Tell me how it works! 🙂
02/25/2018 at 6:01 am
can you please explain the theory behind setting the values of these parameters
max_features = 20000 # number of words we want to keep
maxlen = 100 # max length of the comments in the model
embedding_dims = 20 # dimension of the hidden variable, i.e. the embedding
dimension
03/13/2018 at 8:37 am
-max_features is basically the upper limit of words in your vocabulary. This acts as some kind of regularizer because it prevents the model form overfitting to uncommon words.
-maxlen is the length you pad your input sequences. This is not necessary from a theoretical point of view, but static computation graphs like tensorflow (and keras) require a fixed input length for recurrent networks.
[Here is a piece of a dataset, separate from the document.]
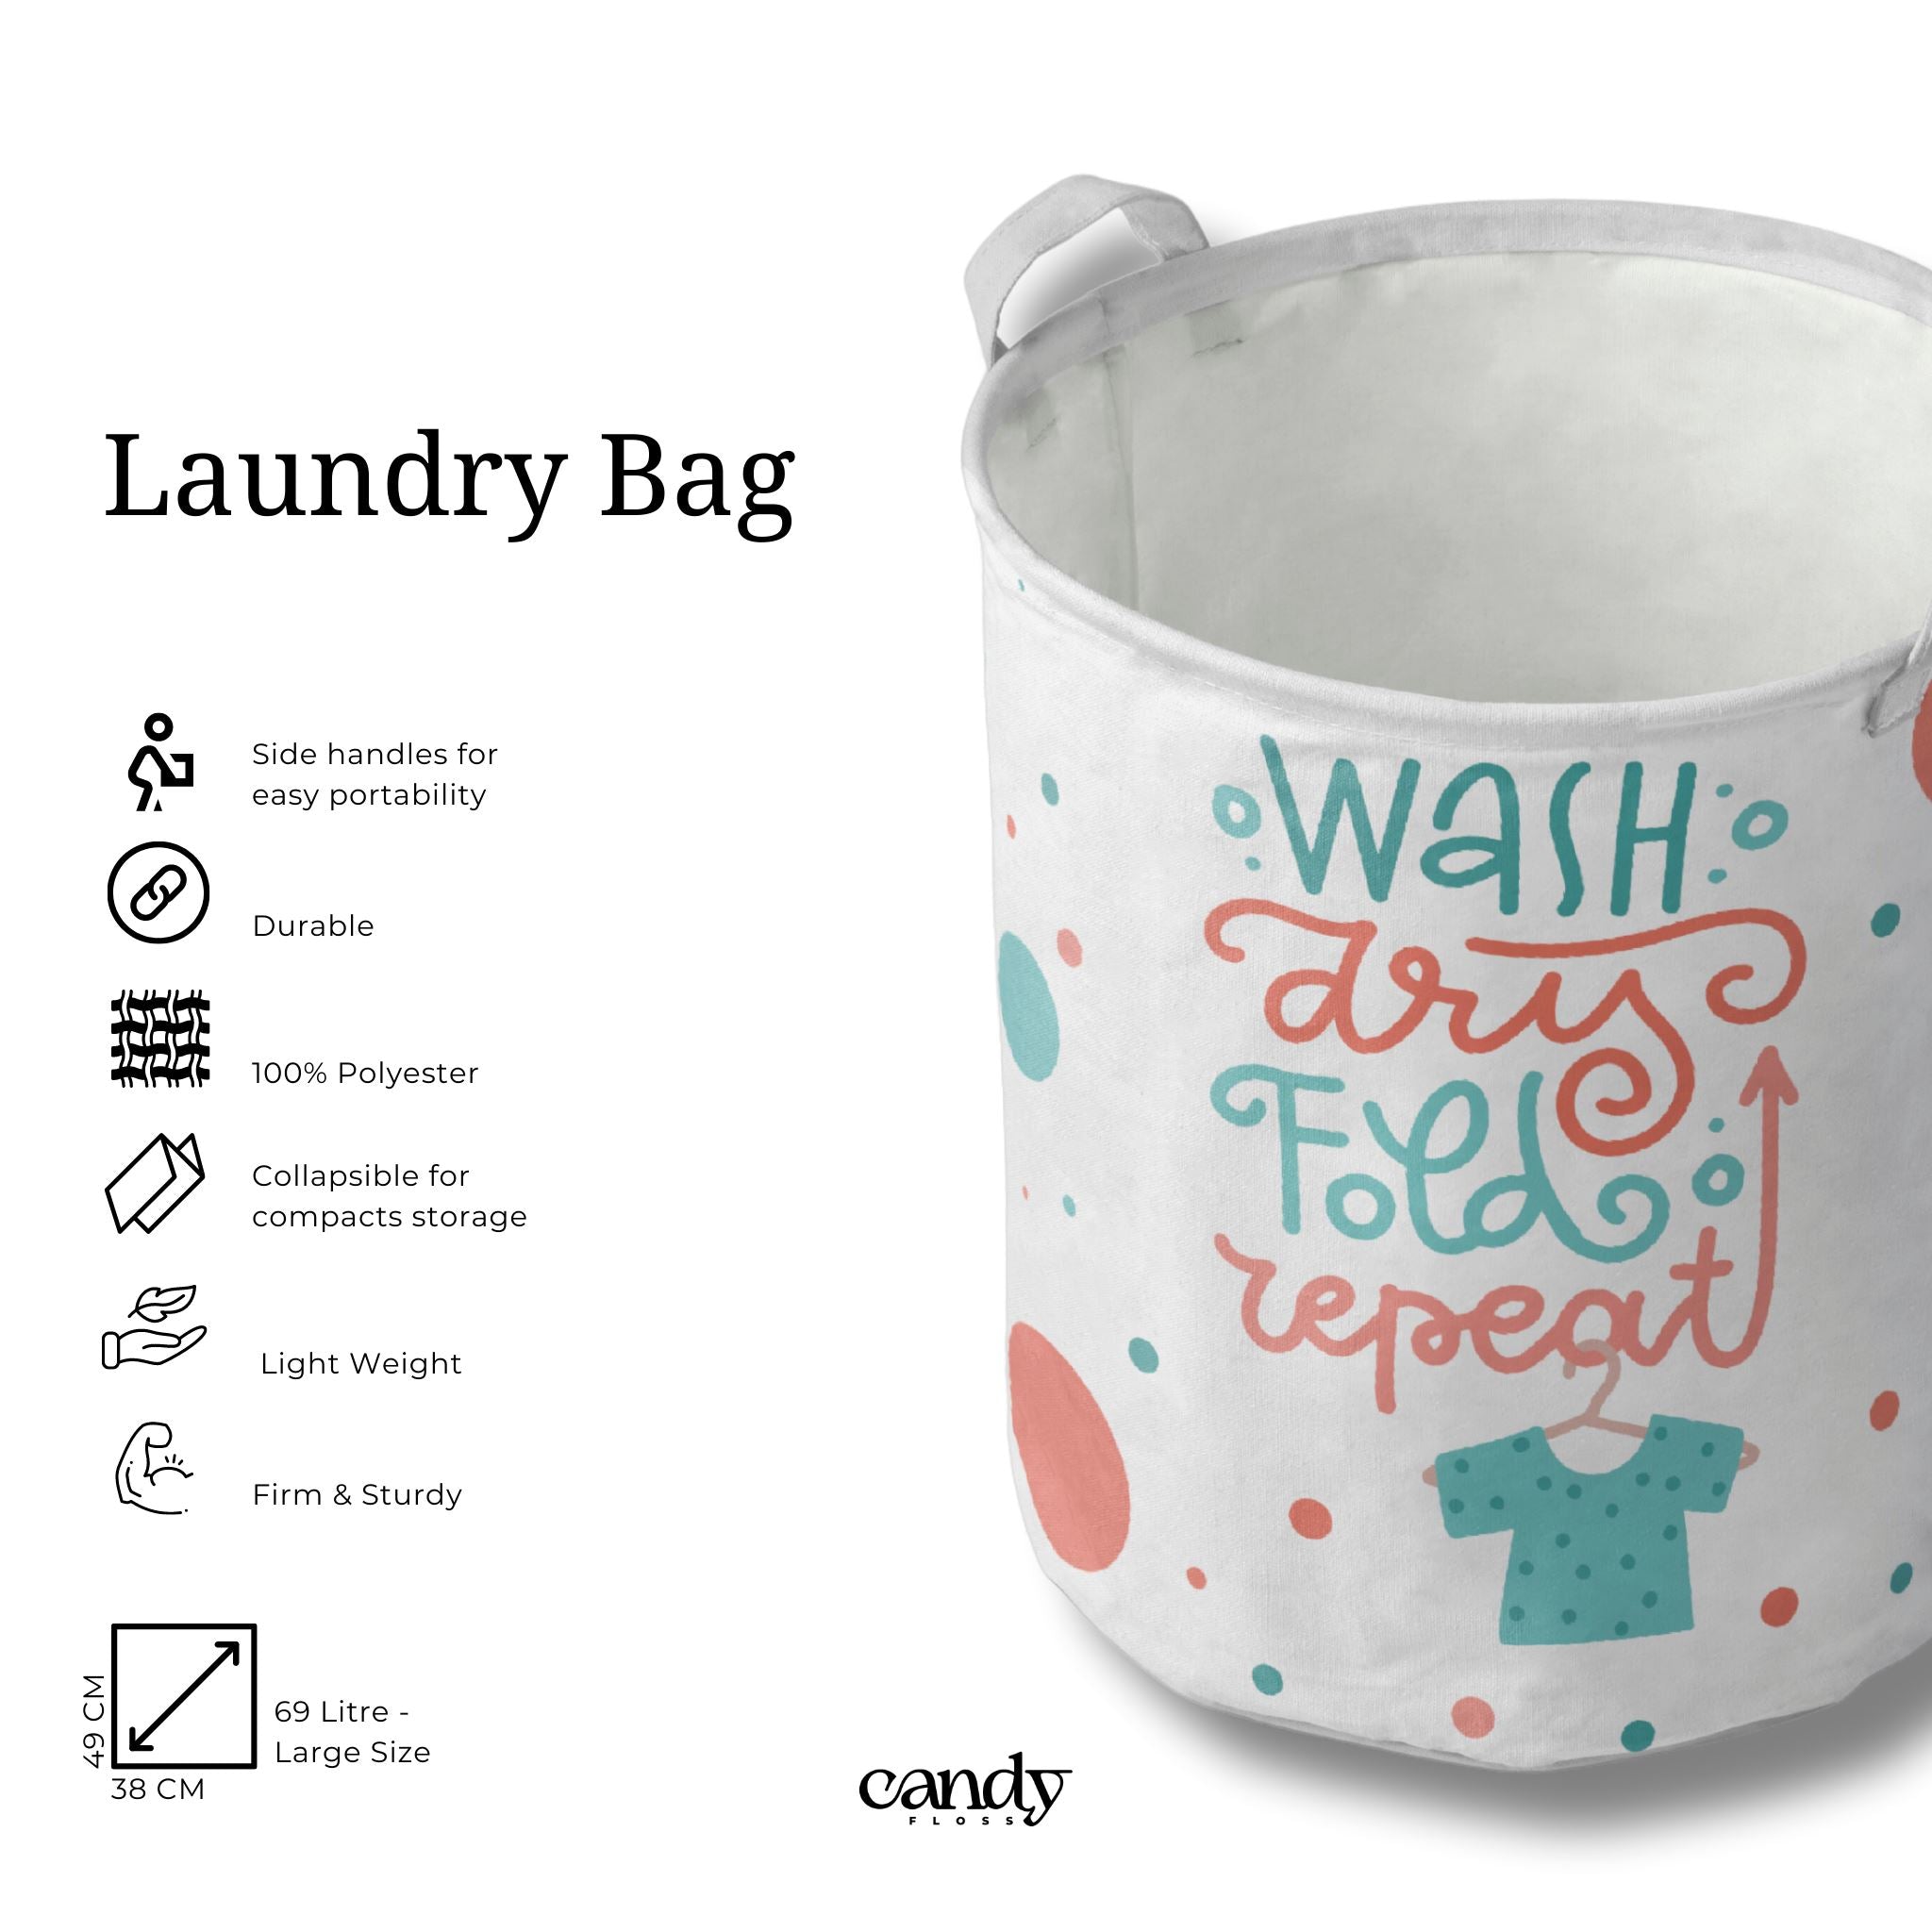 13 Best Laundry Baskets and Hampers | The Strategist

all these values need to be tuned or set by inspecting the dataset. Try a few values and see how it affects the performance.
03/03/2018 at 2:33 pm
Great post ! something i was looking for . But i get the below error when i tried to replicate your code using my train and test files. The error comes for the last input line where we train the model for 3 epochs
AttributeError: ‘list’ object has no attribute ‘ndim’
Do you have any idea why ? My input file is in same structure as you have posted as in input line 3.
03/13/2018 at 8:44 am
You have to put a numpy array to the keras fit method. So wrap the list in a numpy array. Then it should work. Probably you need to reshape.
09/21/2018 at 3:09 am
Thanks! It works well, but I am not able to predict an unseen comment.
how ?
09/21/2018 at 7:10 am
You have to process the new comment the same way you do for training and just pass it to the model. You might want to limit the number of tokens used in training and replace all remaining tokens by an unknown token. After that you just apply the model to your new comment.